How to Package Fossils, Feathers, and Shells for Shipping or Storage
Posted on December 23 2020
How to package Fossils and Organic Collectables
If you are a fan of fossils, feathers, seashells, minerals, and dried plants, then you need to know how to properly package these items. Whether you are shipping, storing, or displaying your collectibles, proper conditions must be met so that the stored item remains intact and pristine. There are a standard set of precautions that you must take no matter what item you are packaging. Let’s go over those now.
A quick way to discolor and damage your delicate collectibles is to place them in direct sunlight. UV radiation is found in both the rays of the sun and in the light emitted by fluorescent lights. Both of these sources can lead to discoloration of colors or darkening of items like paper or leather. To prevent light from altering the look and integrity of your collectible, ensure that the package is stored out of direct sunlight. One way you can do this is by packaging your items in full-color packaging that does not allow light to seep through.
The climate of the room is another consideration. A room that is too warm can increase the rate of degradation. Cool temperatures can also result in a damaged collection if the temperature is so low that it constricts the objects. Typically, if the temperature is low enough to freeze water, it is too cold to store your collection. However, depending on the item being stored, it is safer to have the temperature be lower than higher.
Animal and plant remains that have lasted long enough to become fossils can be delicate. Whether it is just an impression in a stone or a complete bone fragment that has been converted to a fossil after hundreds of years, they are delicate objects. The ideal display case for fossils is a glass case in a museum, but they still need to be transported. This is when fossils are the most at risk for damage. Follow this guide to ensure your old bones are preserved.
- Wrap the fossil in bubble wrap, old clothes/ scraps, newspapers, Styrofoam pellets, plastic baggies, or paper towels. You want to have as much padding as possible. If you can move the item in the box while holding it, it is almost guaranteed to be broken by the time it gets to the destination. Overpacking is the key to keeping your item intact and undamaged.
- For small fossils, not stored in specialty micro-fossil mounts (plugs, slides, stubs, etc), one possible procedure to use when packing is to use two layers of packaging. This can include two sizes of packaging bags. Choose a durable packaging bag like our silver aluminum bags. These pouches come in a range of sizes, so you can pick two which will fit into each other.

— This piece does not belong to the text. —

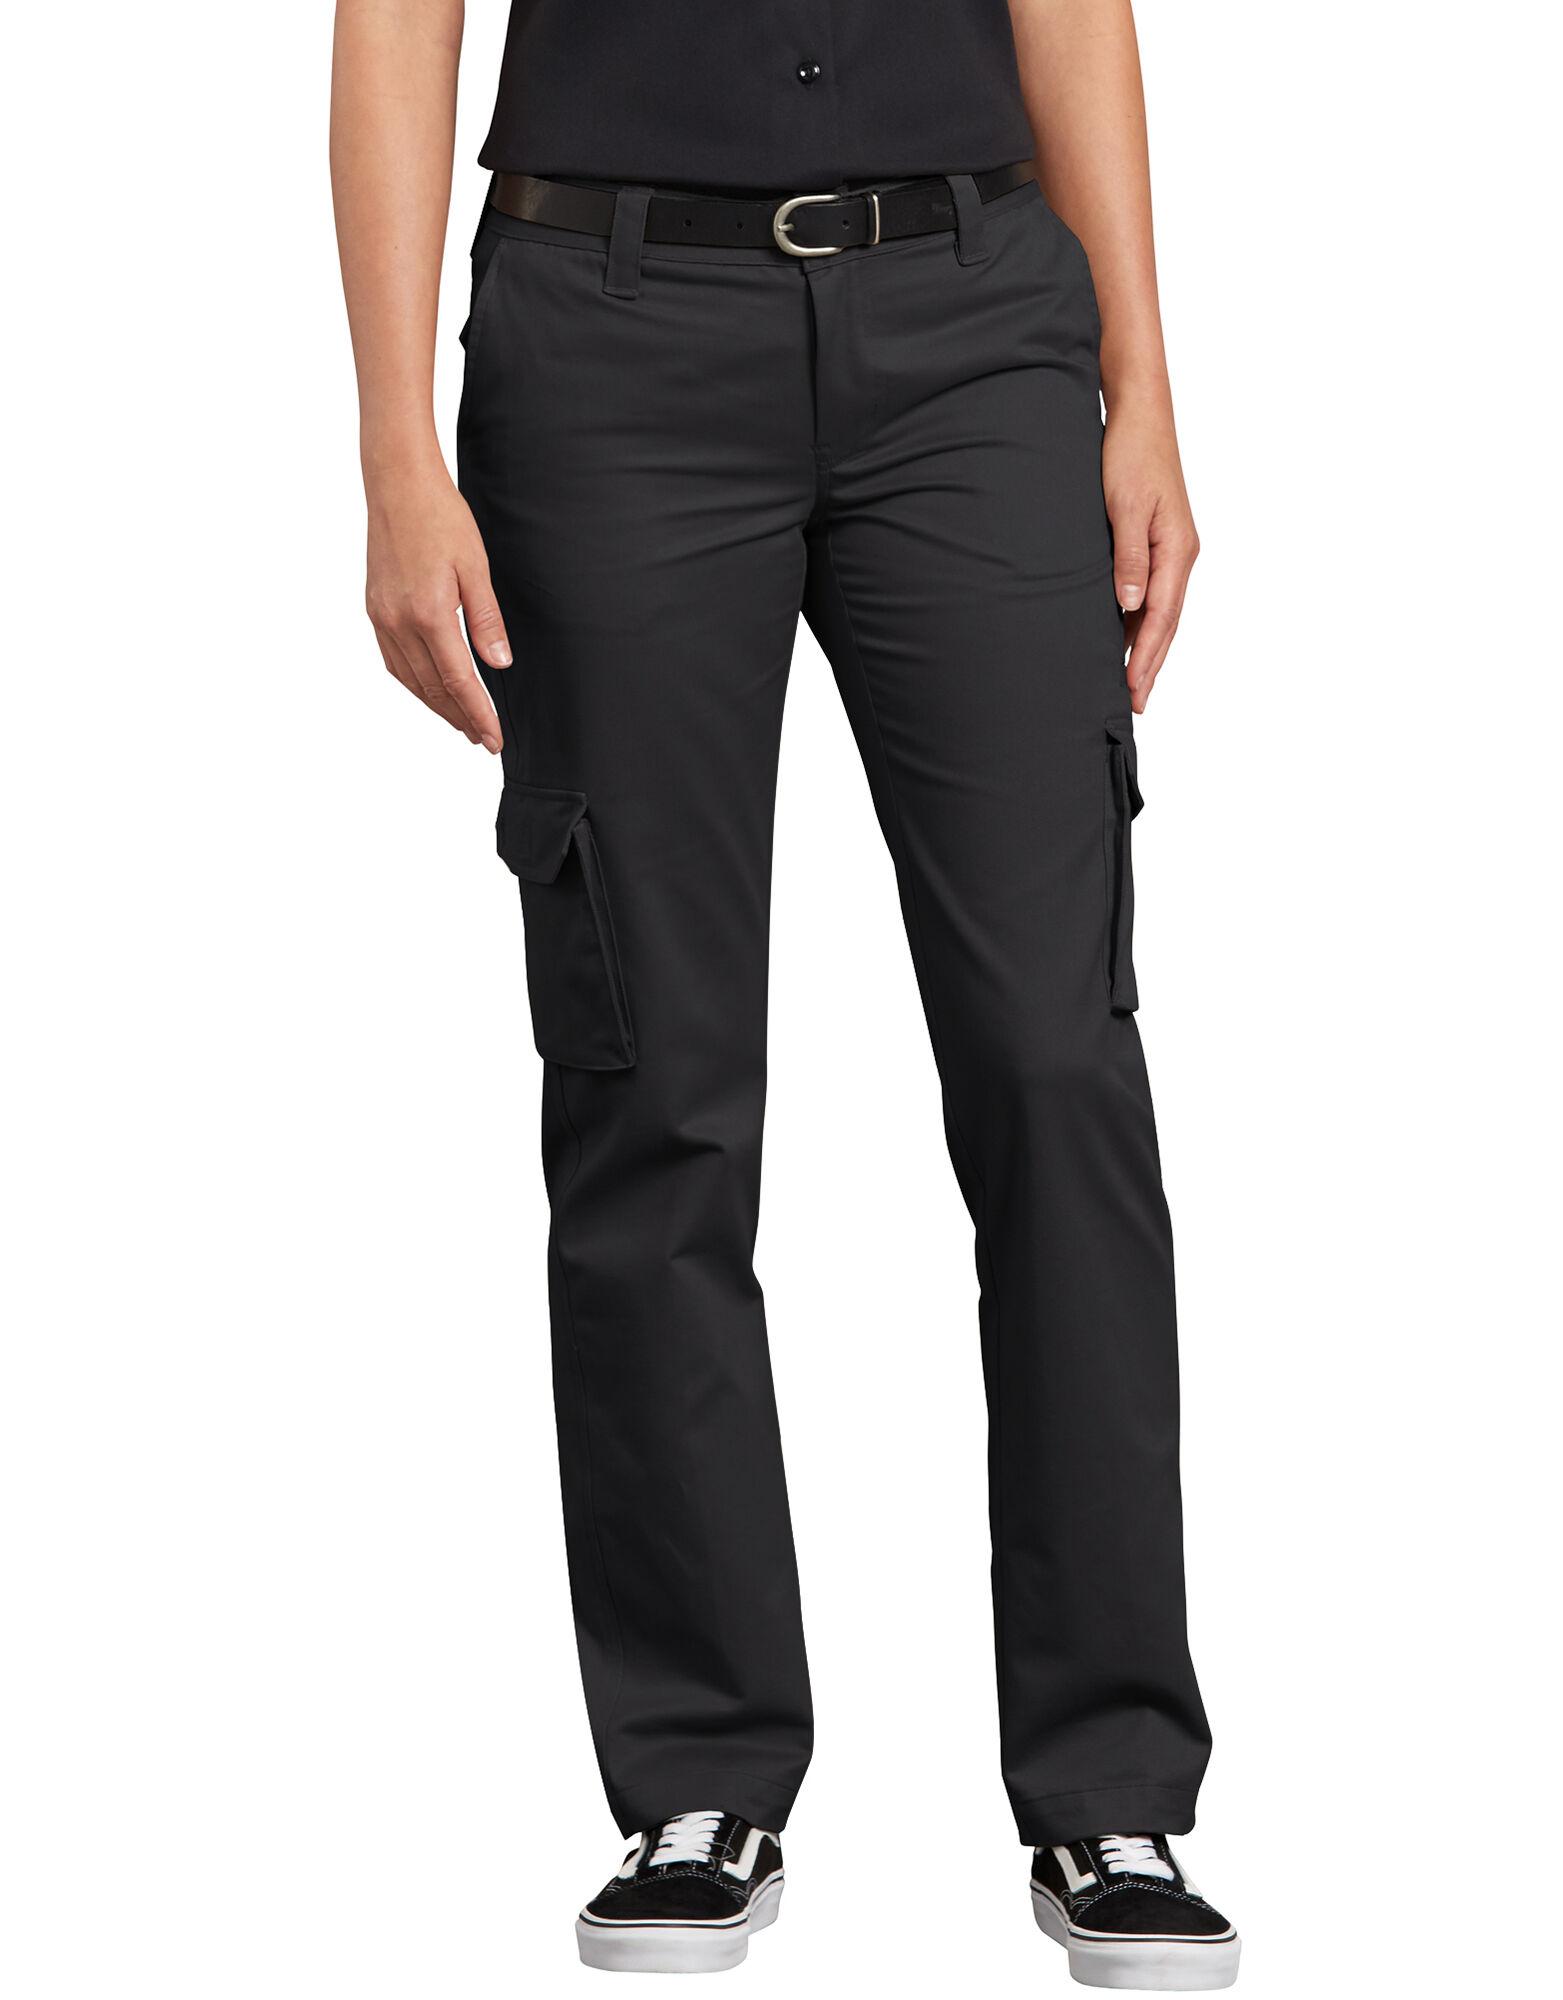 Spring winter blue black cargo pants women Loose high ...  |Black Cargo Pants For Girls

- Place the fossil in the smaller bag, seal it, then fill the remainder of the larger bag with some type of padding. Place the smaller bag in the center of the padding, then fill the remainder of the bag. The fossil should be like a pea in the center of a pillow.
Bird feathers come in a range of different sizes and colors depending on the bird from which they come. The location of the feather can also affect the feather. Tail feathers and wing feathers differ greatly in style.
- Feathers should be stored in a PH neutral environment. Our QuickQlick™ packaging bags are an example of PH neutral packaging. Acidity or a basic environment can deteriorate feathers and alter colors.
- Ensure the bag is airtight by heat sealing. If the bag is not airtight, you can store the feathers near mothballs, cedar chips, or dryer sheets. It is imperative to keep the feathers away from moisture, as this can encourage mold growth and pests. Insects and dust mites can ruin your feathers when levels of humidity are high.
- Use flat packaging to prevent the feathers from wrinkling. Our flat QuickQlick™ bags have a compact silhouette and a sturdy composition that will prevent the feathers from being damaged. The pouches will stay flat and pressed when stored in the bags.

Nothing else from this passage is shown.